[INFORMATION PROVIDED — start]
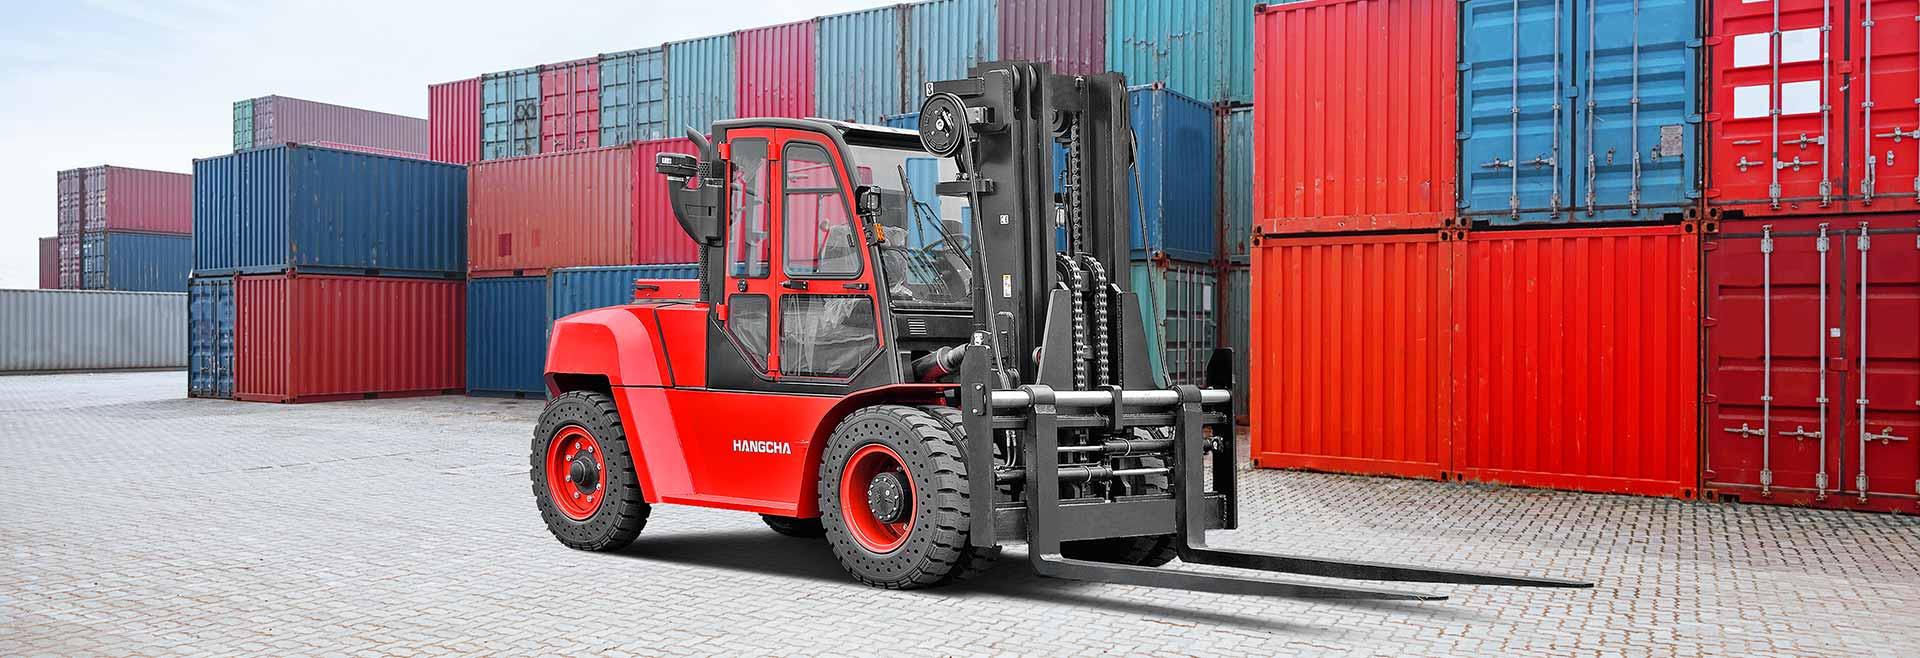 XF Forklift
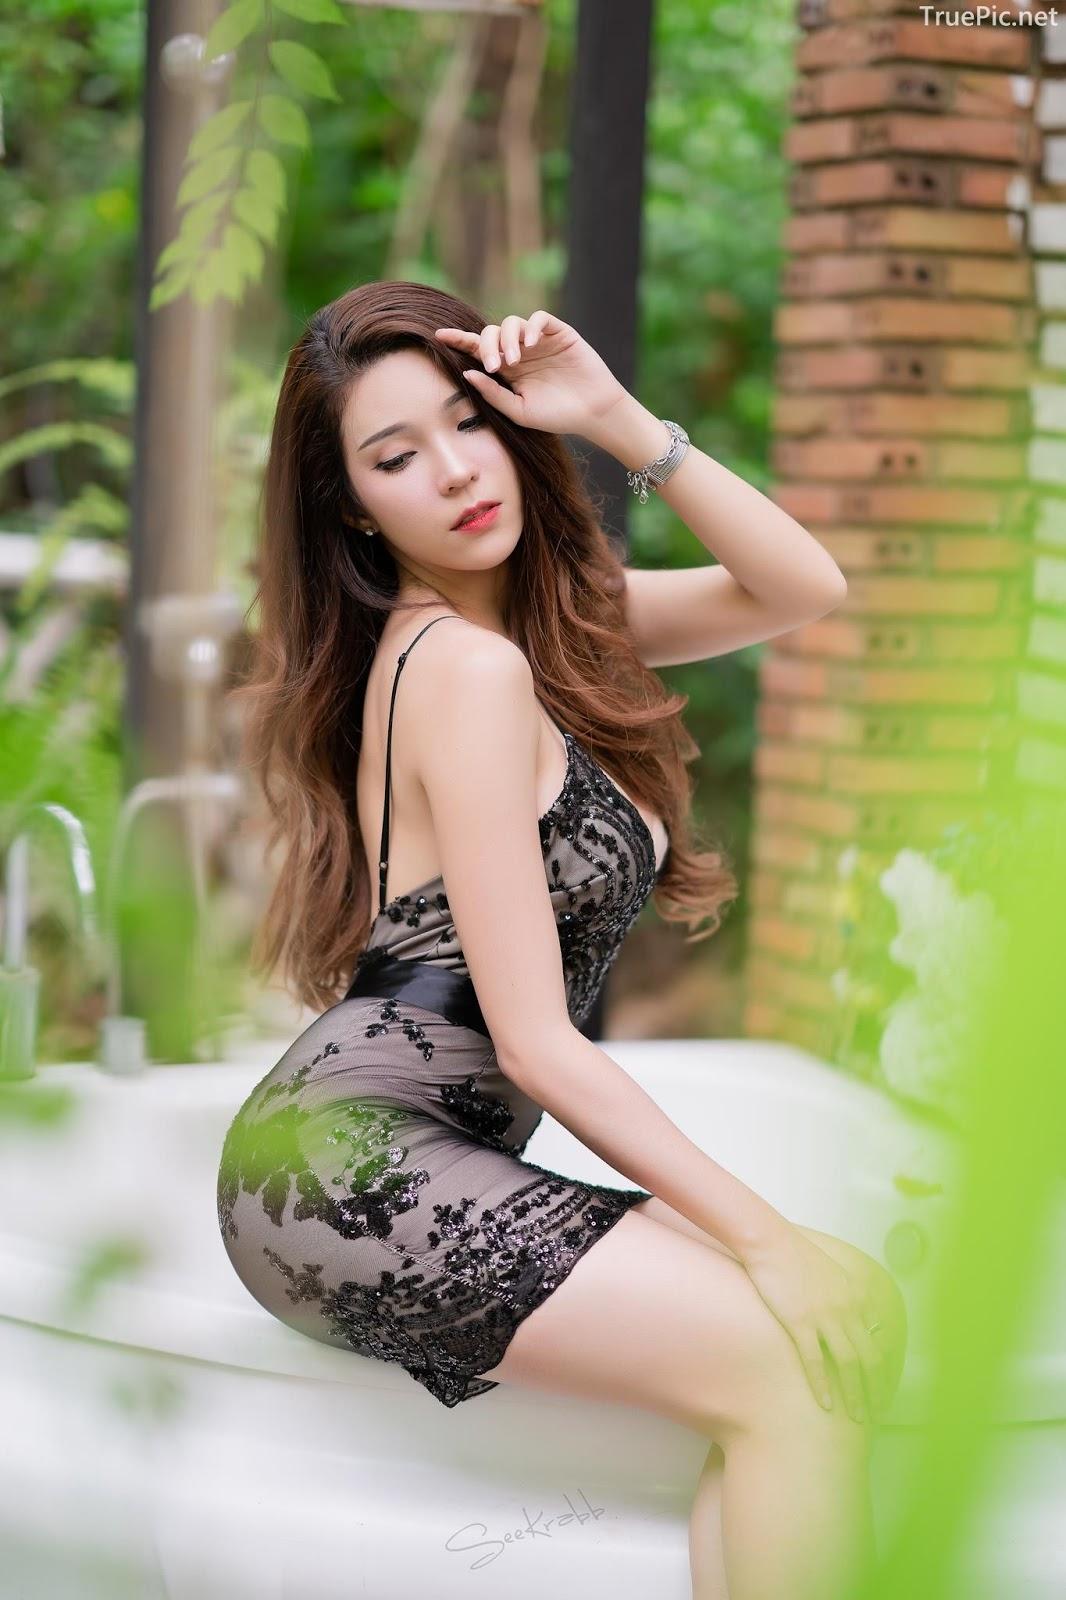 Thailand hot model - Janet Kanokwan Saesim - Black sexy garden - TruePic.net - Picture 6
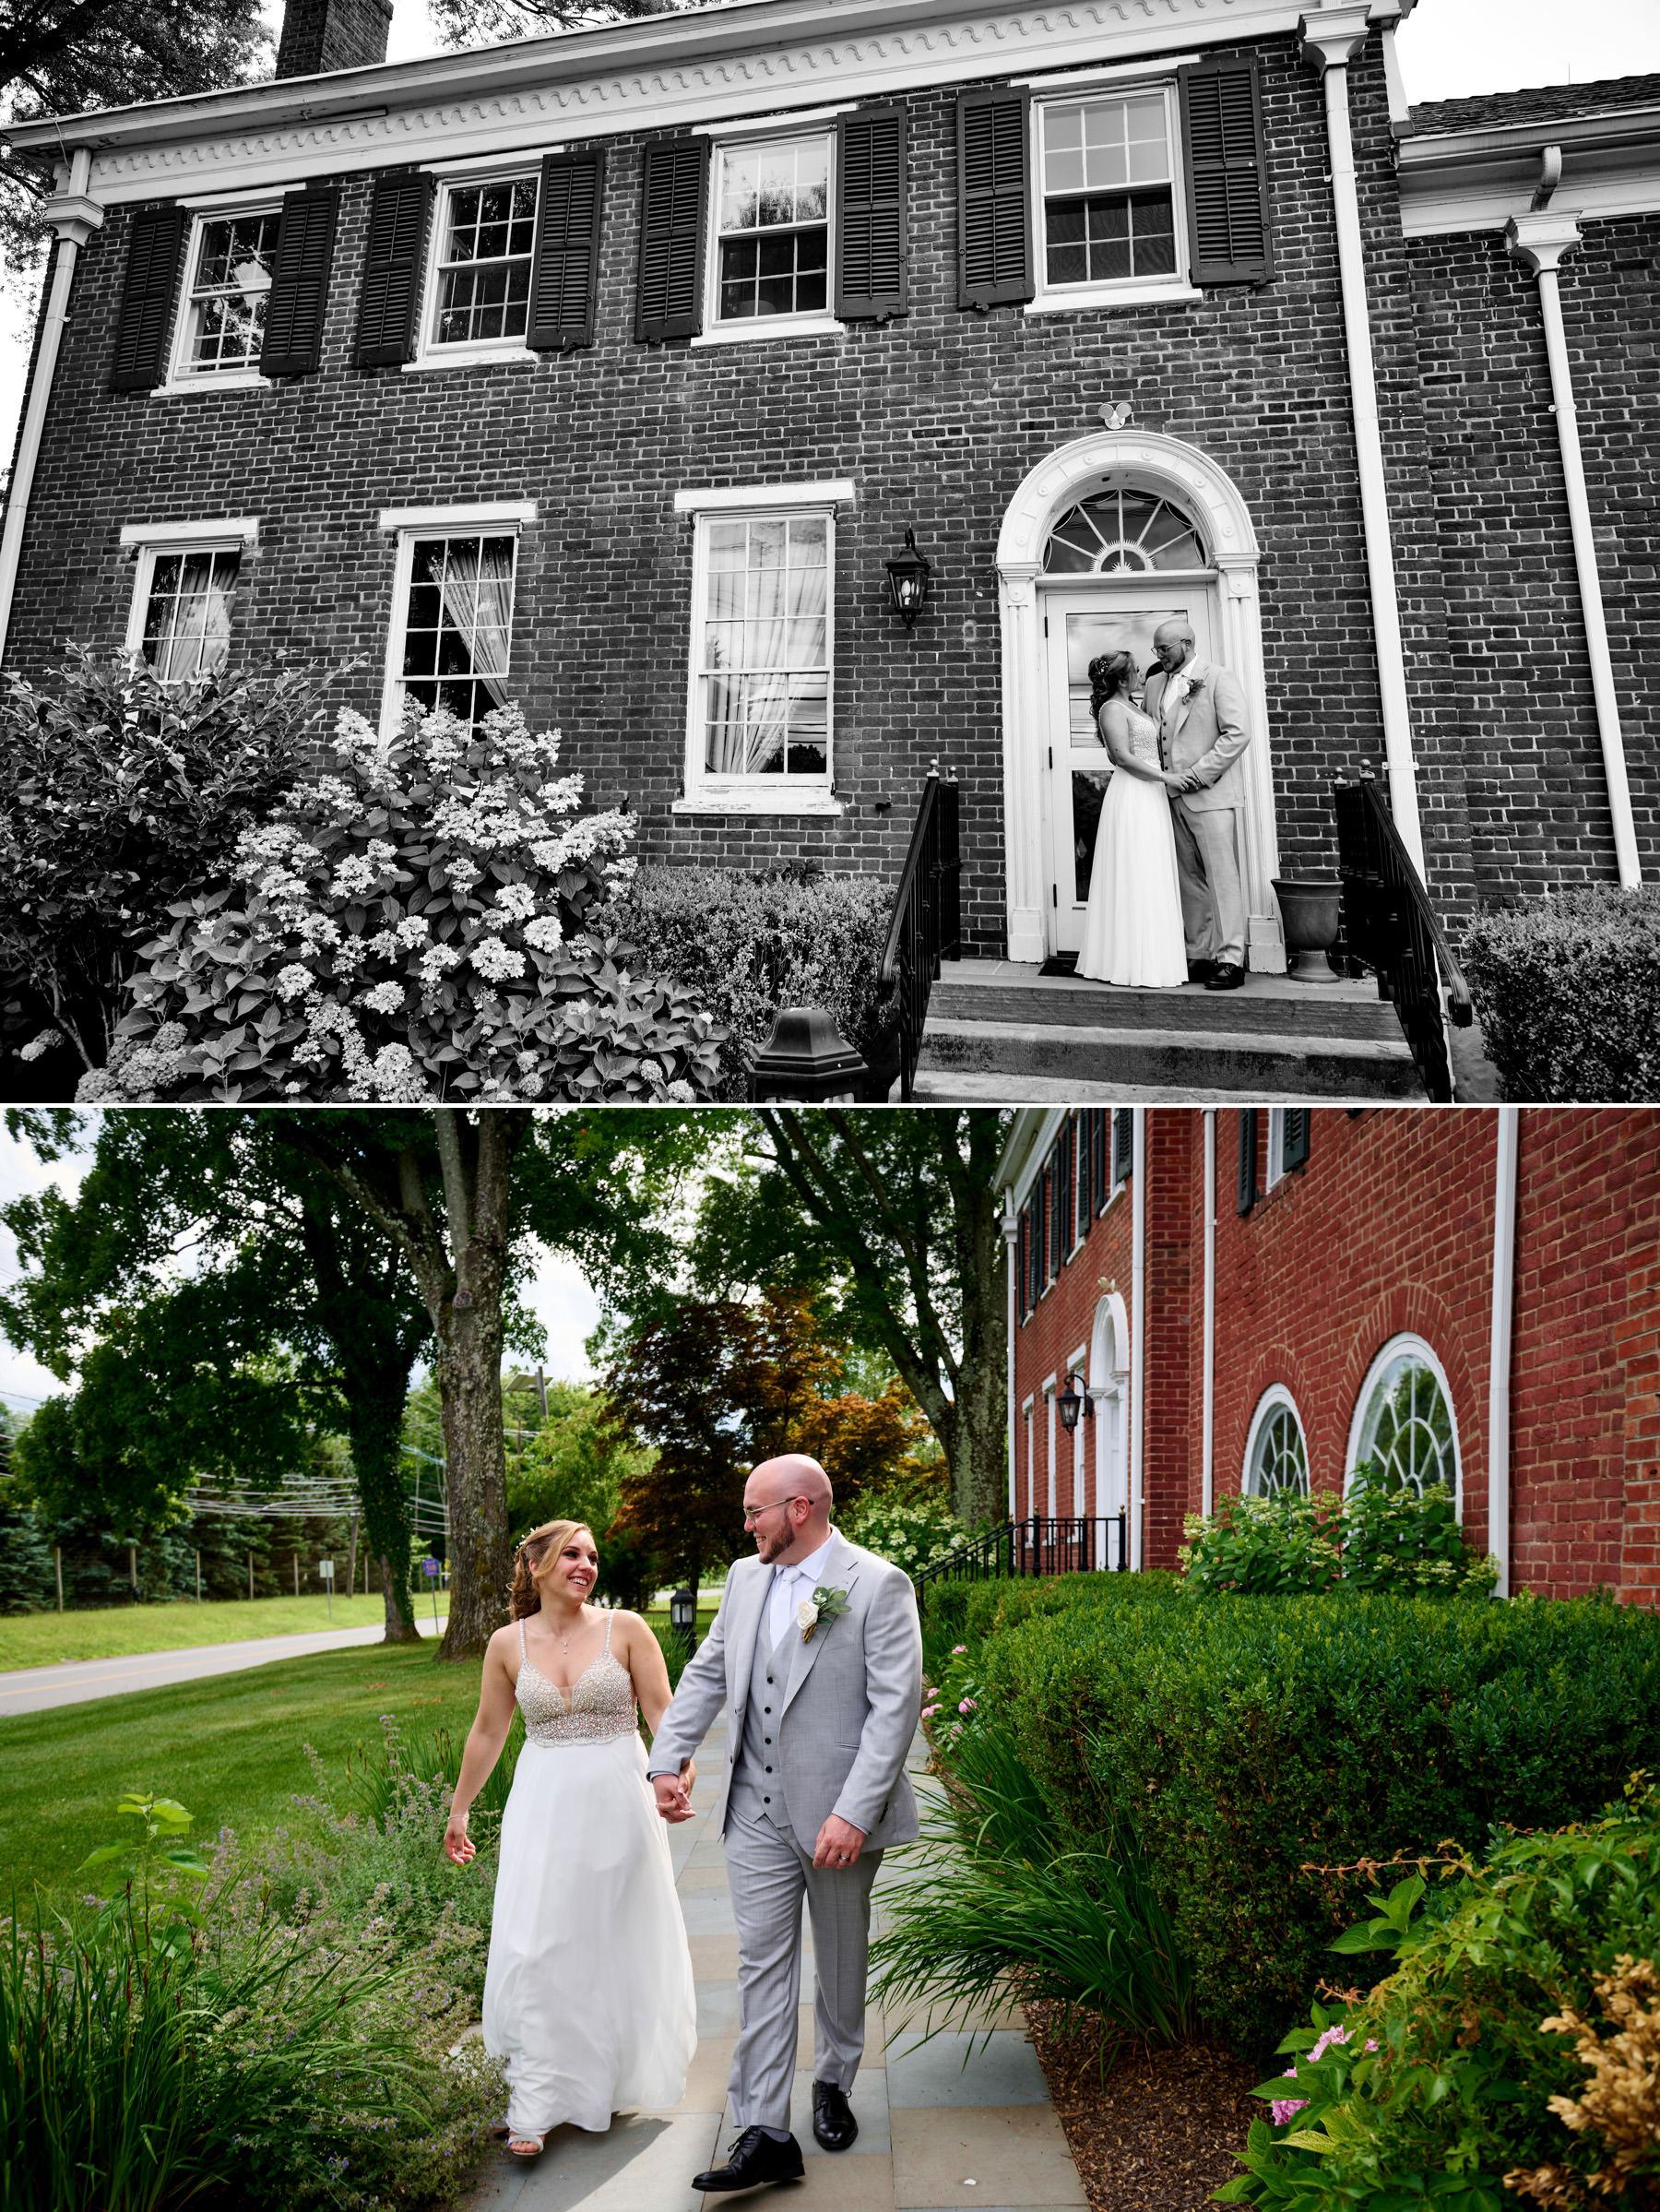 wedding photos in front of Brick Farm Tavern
[INFORMATION PROVIDED — finish]
**YOUR ASSIGNMENT**
Restate the listing word for word. Pictures do not belong in the copy.

**THE COMPLETED TASK**
 XF Forklift
 Thailand hot model - Janet Kanokwan Saesim - Black sexy garden - TruePic.net - Picture 6
 wedding photos in front of Brick Farm Tavern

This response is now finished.